What is required: Exclude the images, then return every line below exactly as written.

Source material:
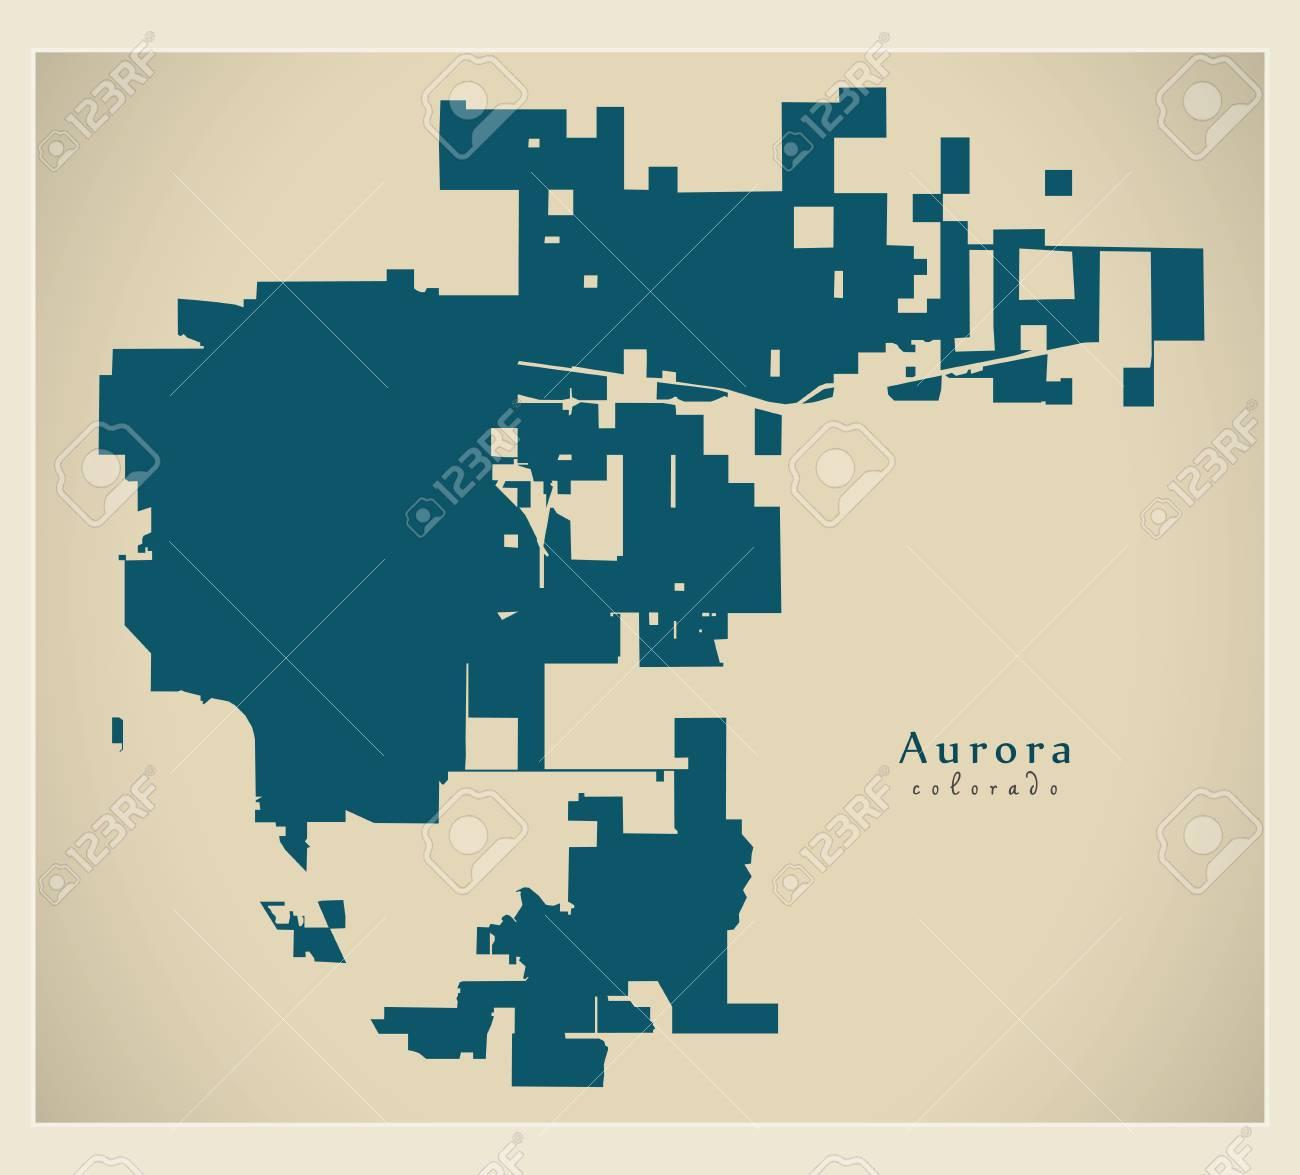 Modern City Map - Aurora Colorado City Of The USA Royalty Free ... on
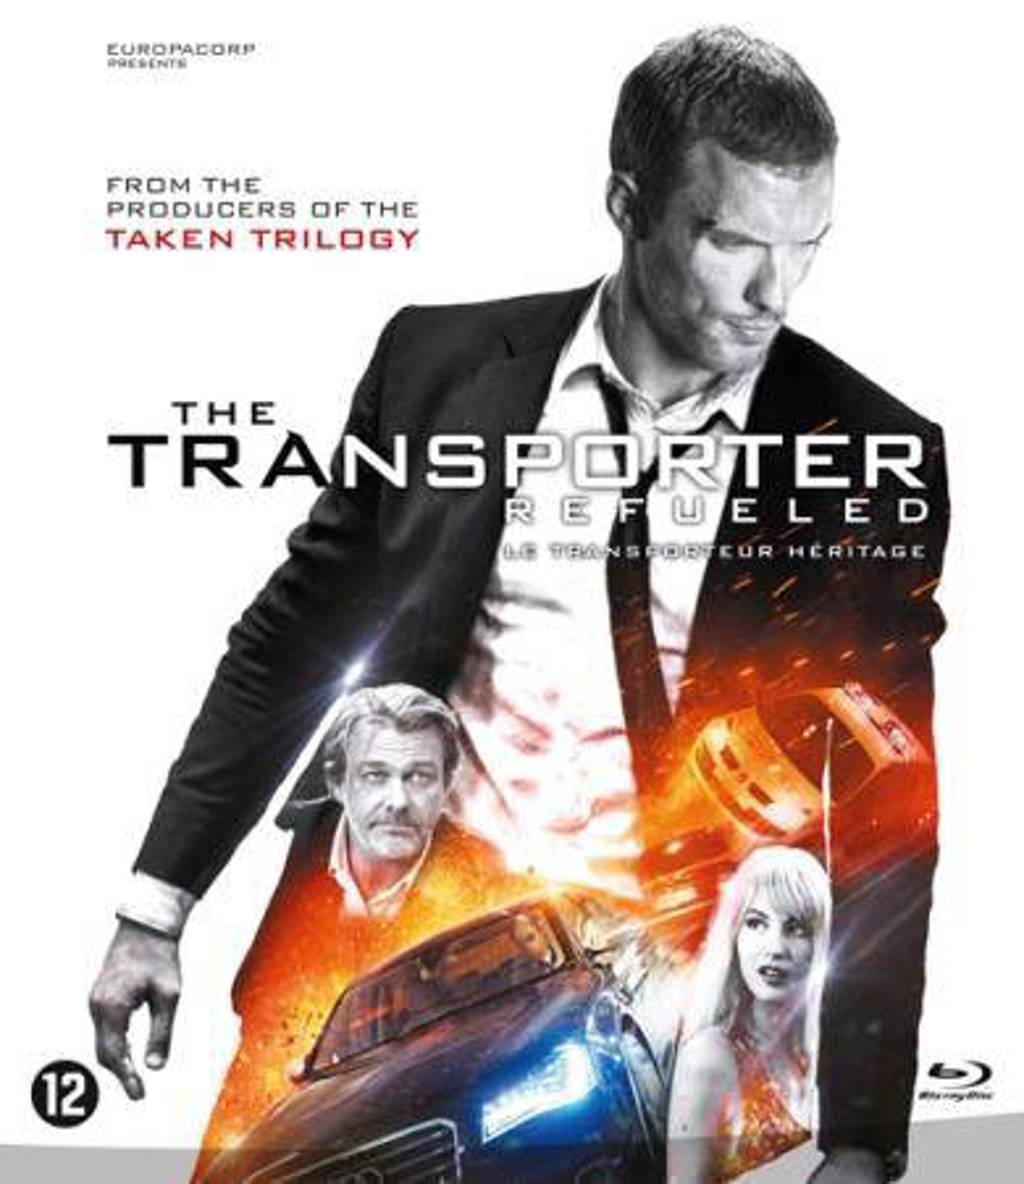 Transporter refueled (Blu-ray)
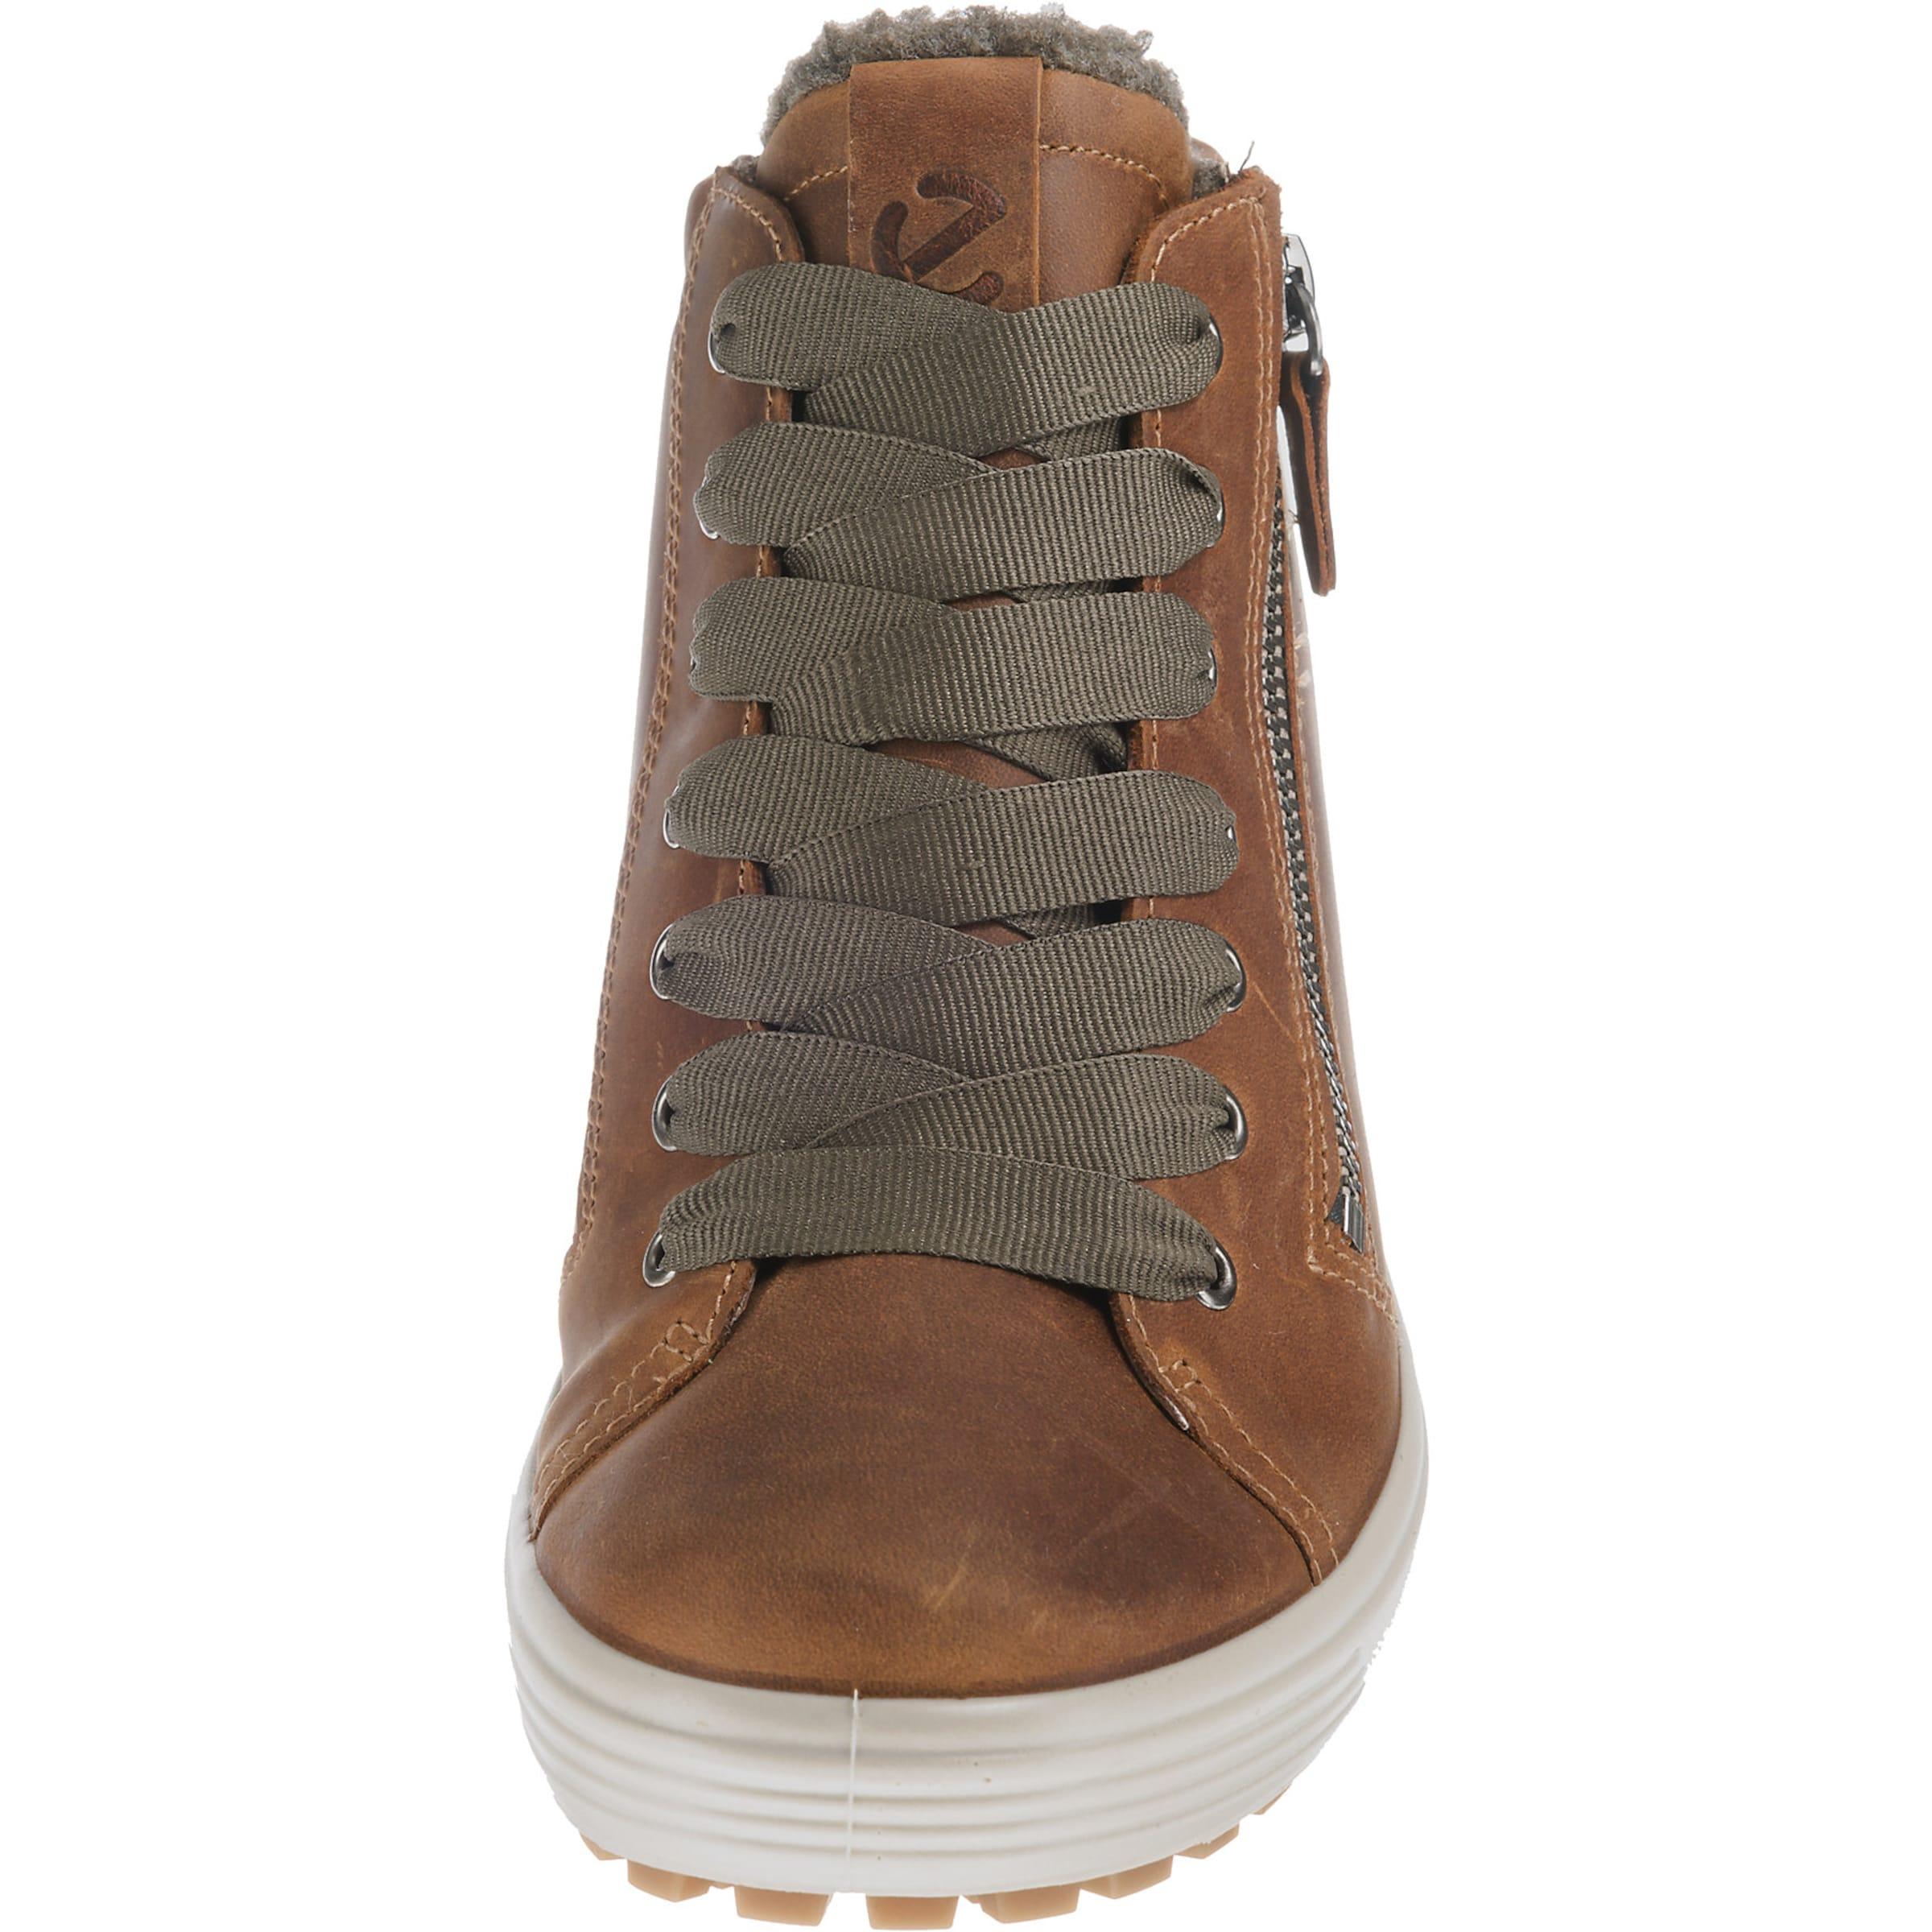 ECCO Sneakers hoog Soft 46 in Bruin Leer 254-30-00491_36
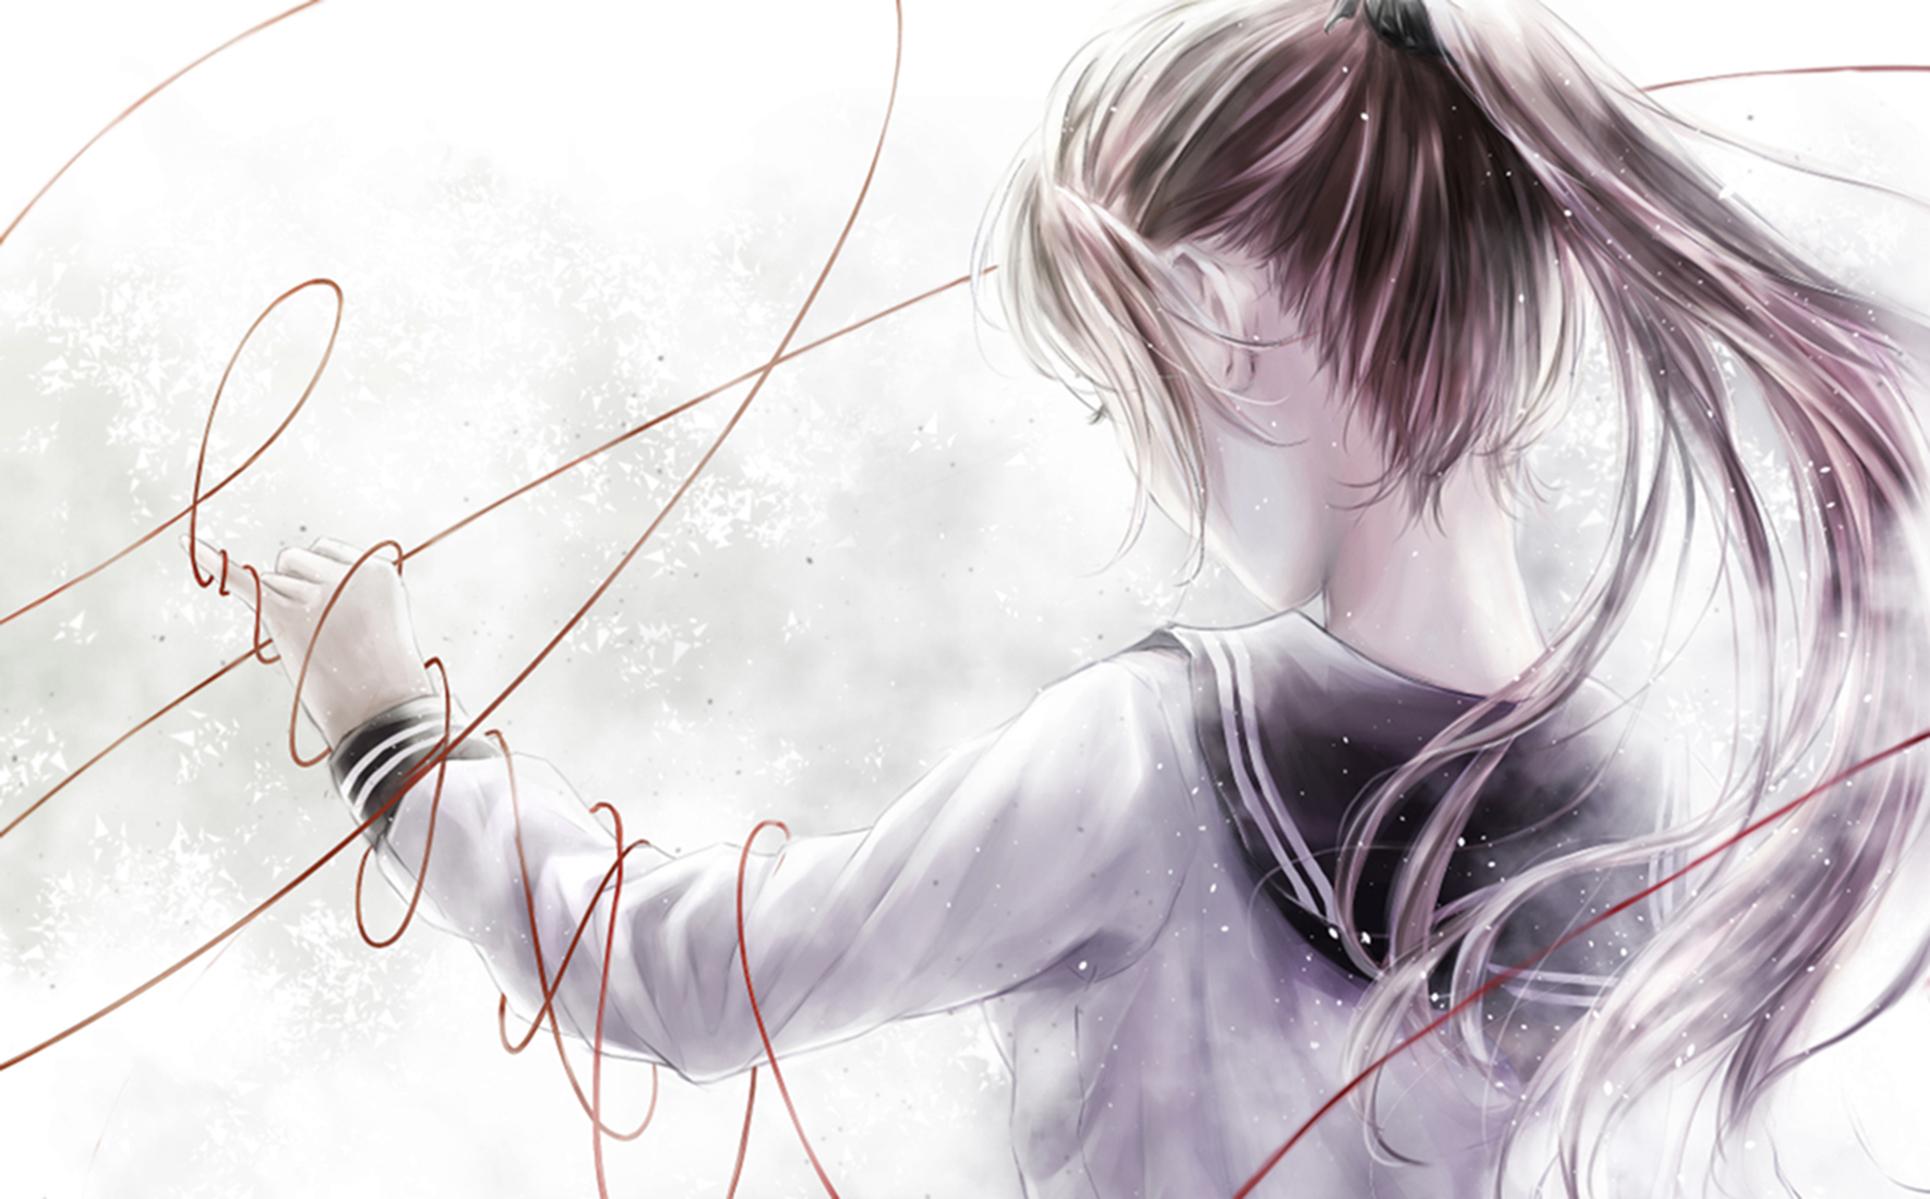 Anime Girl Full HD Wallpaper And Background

Reply to the task:
 Modern City Map - Aurora Colorado City Of The USA Royalty Free ... on
 Transporter refueled (Blu-ray)
 ECCO Sneakers hoog Soft 46 in Bruin Leer 254-30-00491_36
 Anime Girl Full HD Wallpaper And Background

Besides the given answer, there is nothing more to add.